Jorge Masvidal doesn’t view his UFC 261 main event as his last shot at UFC gold, but only because he won’t allow himself to accept the possibility he’ll lose to champion Kamaru Usman.

“I feel like every fight, I have to win,” Masvidal told ESPN. “But no, I don’t feel like [this is his last title opportunity] at all. I just feel like I’m going to win this fight, and I’m going to continue to do bigger and better things before I close the chapter on this MMA thing.”

But what if the oddsmakers are right? Masvidal is currently a +310 underdog, according to Caesars Sportsbook by William Hill. If Masvidal, 36, loses, he’ll be 0-2 against Usman with several other elite contenders in the division ready to take shots of their own, or get their own rematches.

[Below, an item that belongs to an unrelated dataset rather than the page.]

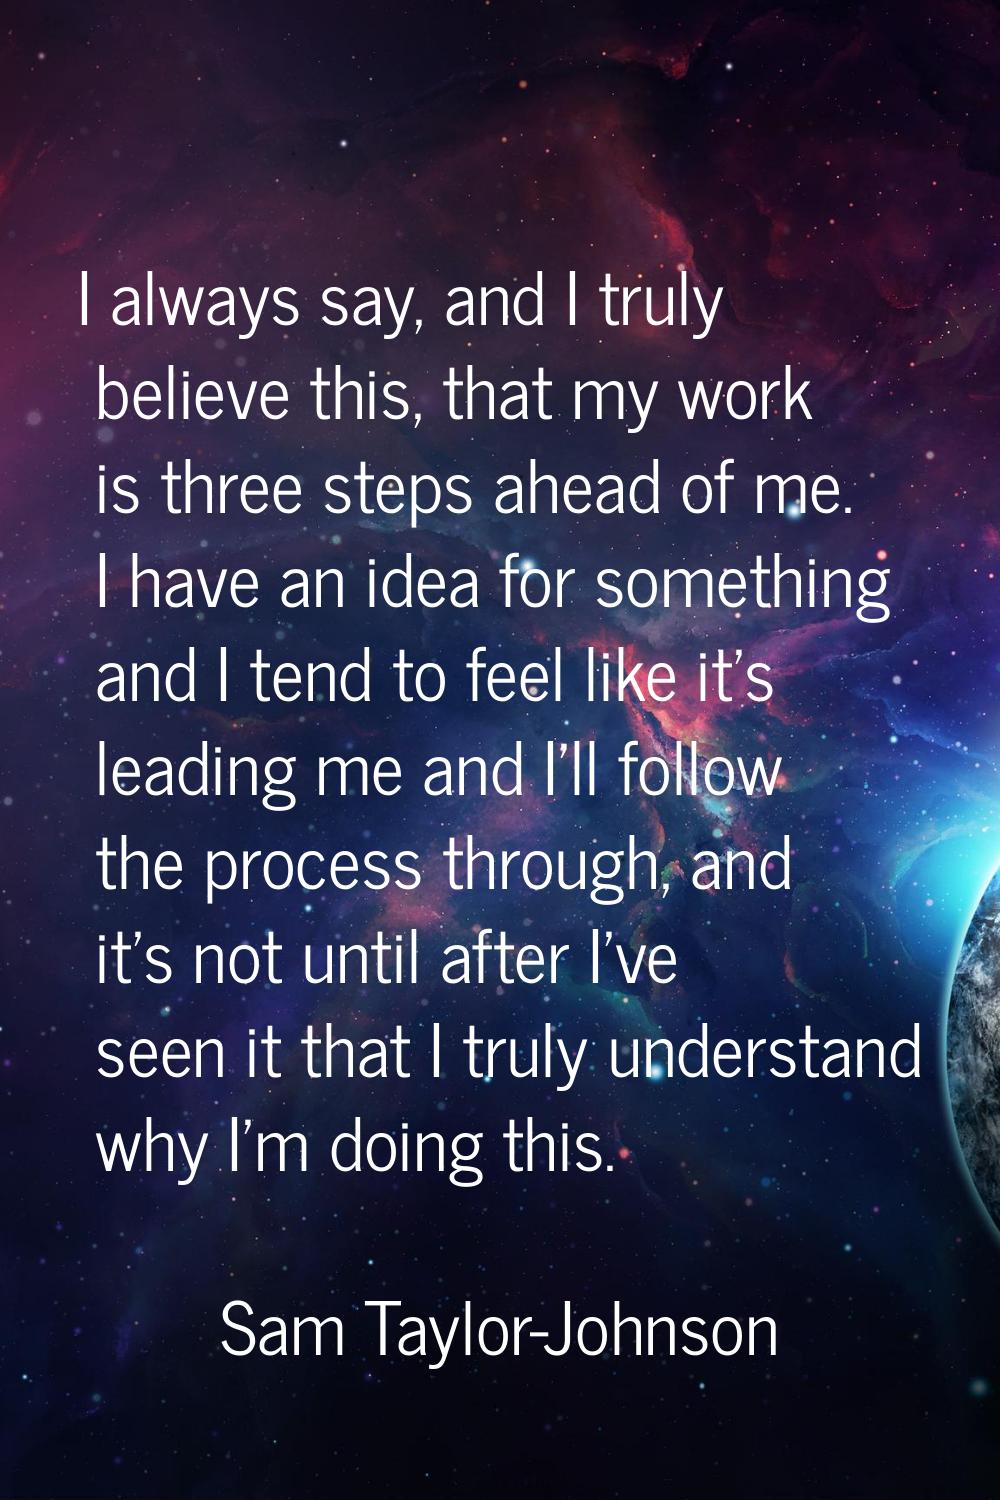 I always say, and I truly believe this, that my work is three steps ahead of me. I have an idea for

Speaking of rematches, if Robert Whittaker gets past Kelvin Gastelum in Saturday’s Fight Night main event, he’s expected to land his second shot at middleweight champ Israel Adesanya. Whittaker was stopped in the second round of their fight in 2019, but since then he has beaten top contenders in Darren Till and Jared Cannonier. Would Whittaker be a more dangerous opponent for Adesanya the second time around?

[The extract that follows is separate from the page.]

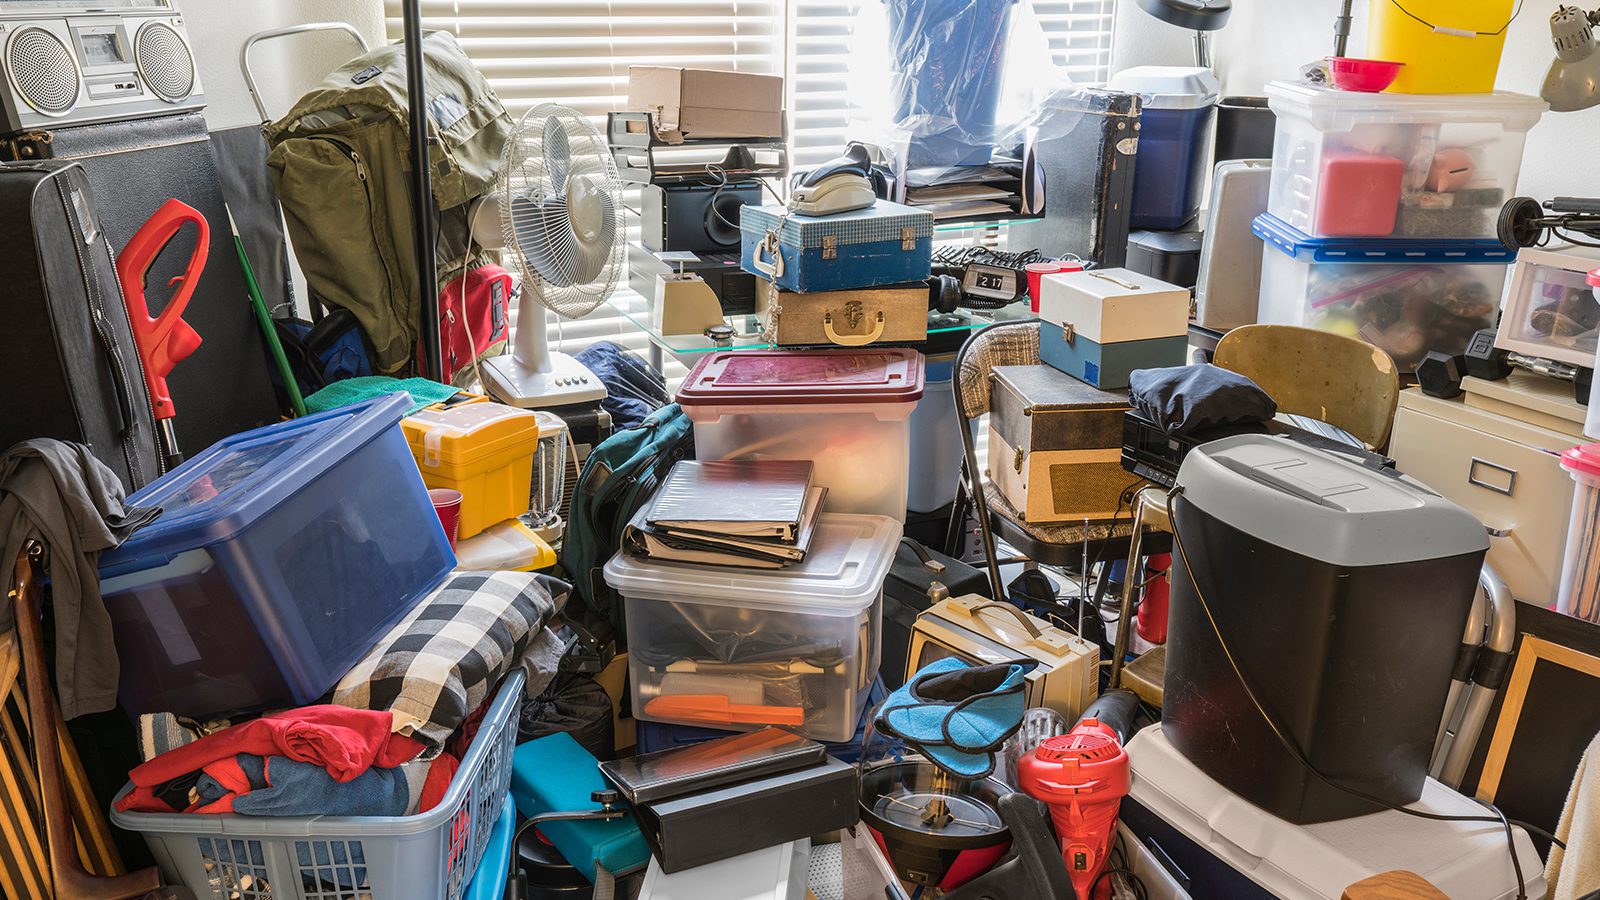 Psychology Explains How Too Much Clutter Holds You Back

The one potential fight that’s creating the biggest buzz in the MMA world is Francis Ngannou defending his heavyweight title against Jon Jones. If Jones and the UFC are able to settle their issues and successfully negotiate a deal, just how big would that be? Would it rival the next bout for Conor McGregor, who is the biggest star in the history of MMA?

ESPN’s panel of Marc Raimondi, Brett Okamoto, Ariel Helwani and Jeff Wagenheim breaks down what’s real from what’s not.

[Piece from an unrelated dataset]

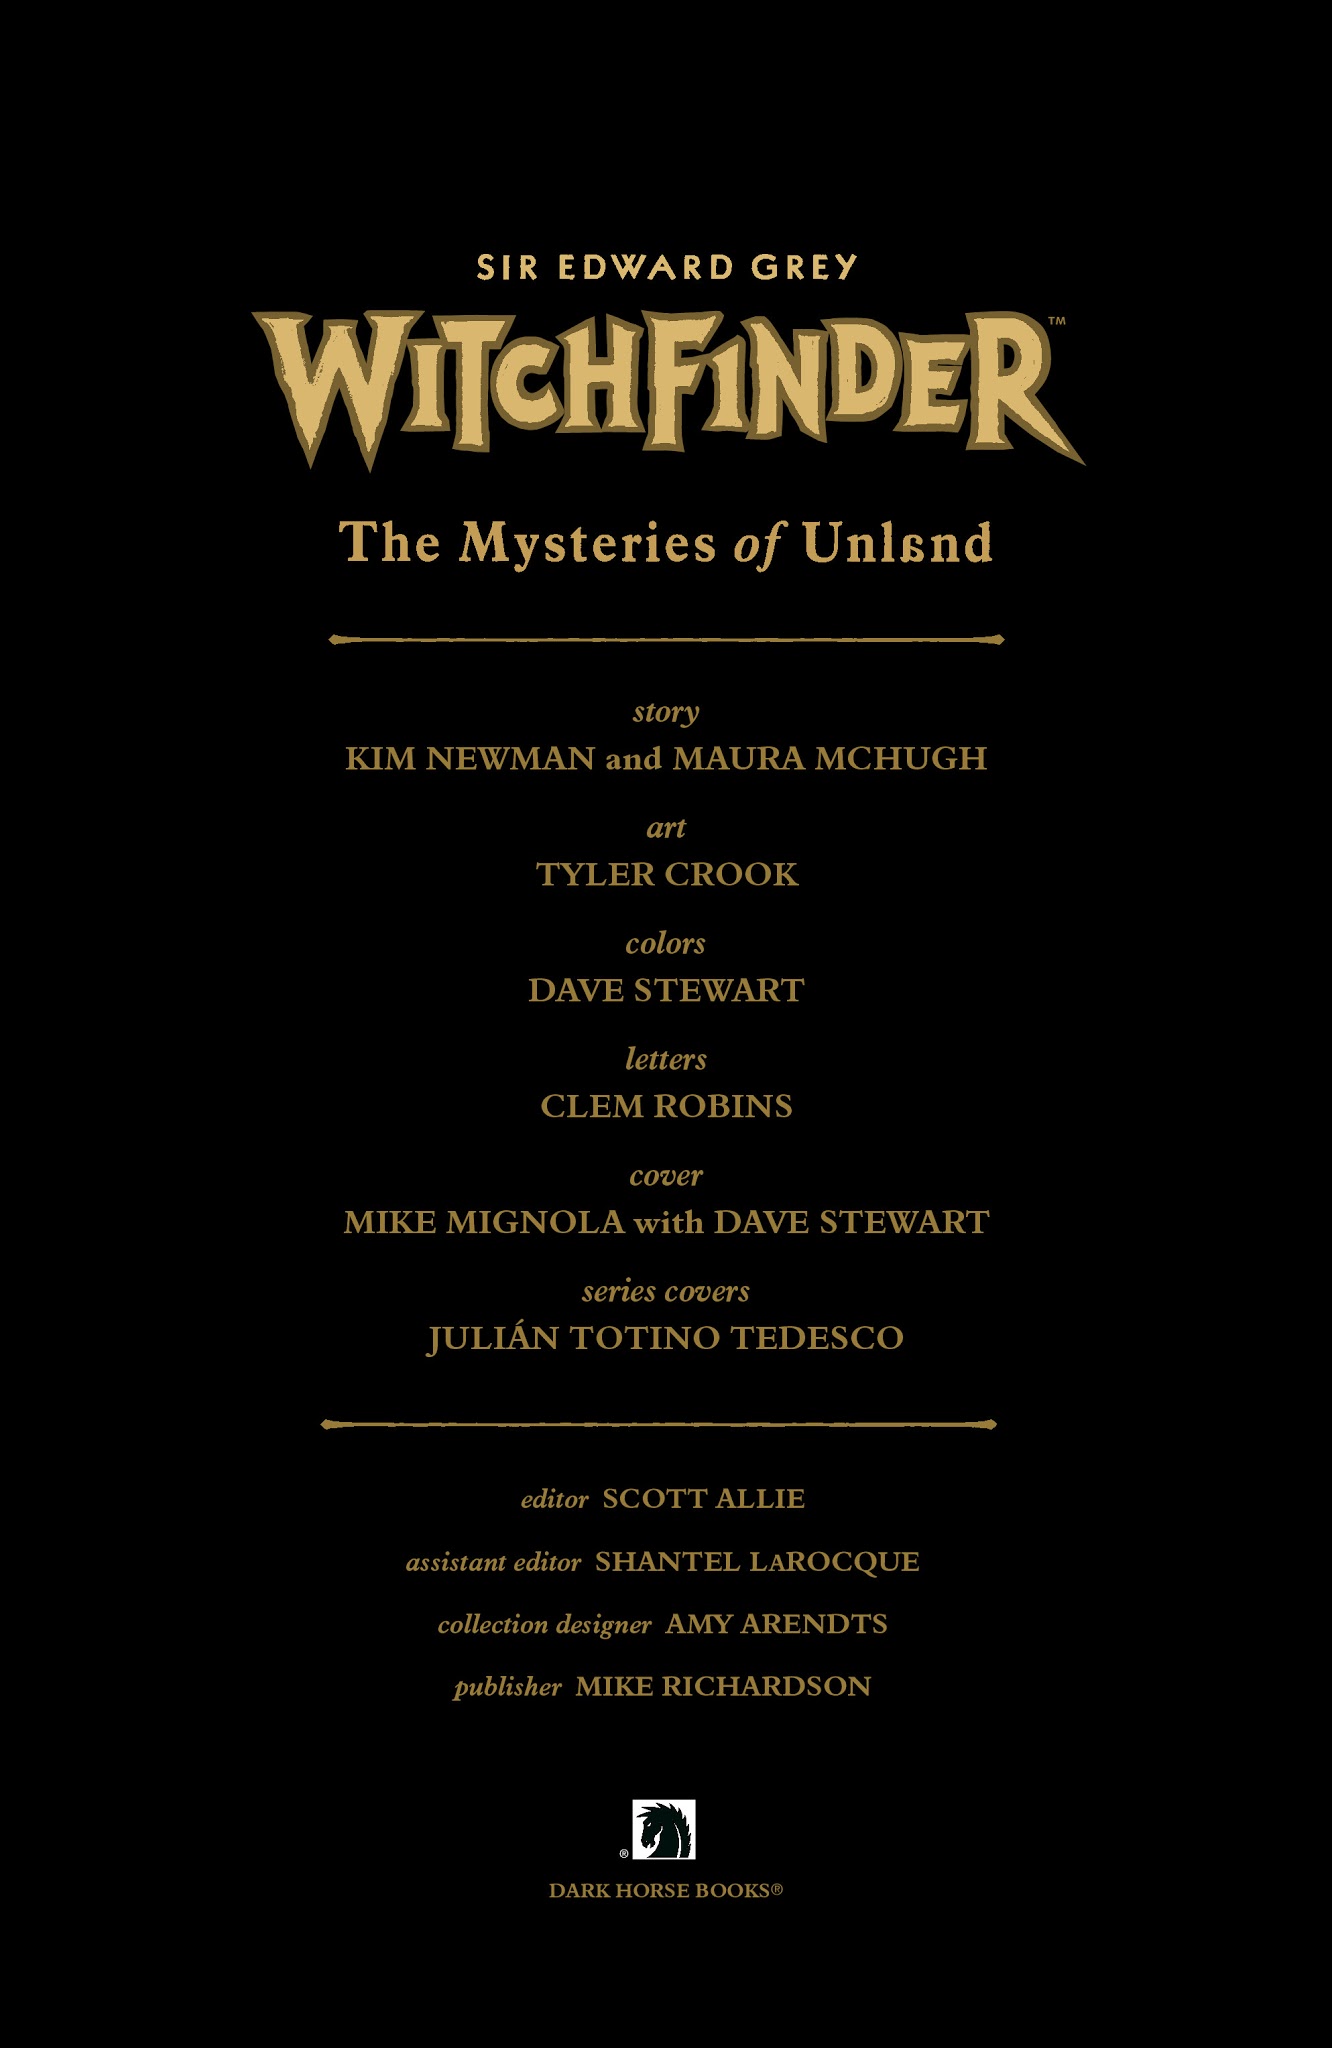 Read online Sir Edward Grey, Witchfinder: The Mysteries of Unland comic -  Issue # TPB - 5

Real or Not: This will be Masvidal’s last title shot if he doesn’t beat Usman

Raimondi: Are we counting the BMF title? Either way, I have to say “not real” for this one. Masvidal is one of the biggest stars in the UFC. Even if he loses to Usman a second time, he’ll still retain a path to the belt in the future. Now, it would be hard to sell a third fight between the two if Usman wins. But the beauty of the future for Masvidal are all the other big fights he has — some arguably bigger than Usman vs. Masvidal 2.

If Masvidal loses at UFC 261, a BMF rematch with Nate Diaz could be made, and that would instantly be a hot seller. Then there’s the looming grudge match with Colby Covington. Masvidal vs. Covington is one of the biggest fights the UFC can do right now, and it’s surprising that it has not happened yet. But it has to happen at some point. Then there’s a matchup between Masvidal and Leon Edwards, which has been flying somewhat under the radar. The two have that history from UFC London two years when Masvidal popped Edwards with punches in a backstage altercation, then coined the catchphrase “three piece and a soda.” That was a crucial moment in Masvidal becoming a big UFC star, and the promotion can revisit that at any time.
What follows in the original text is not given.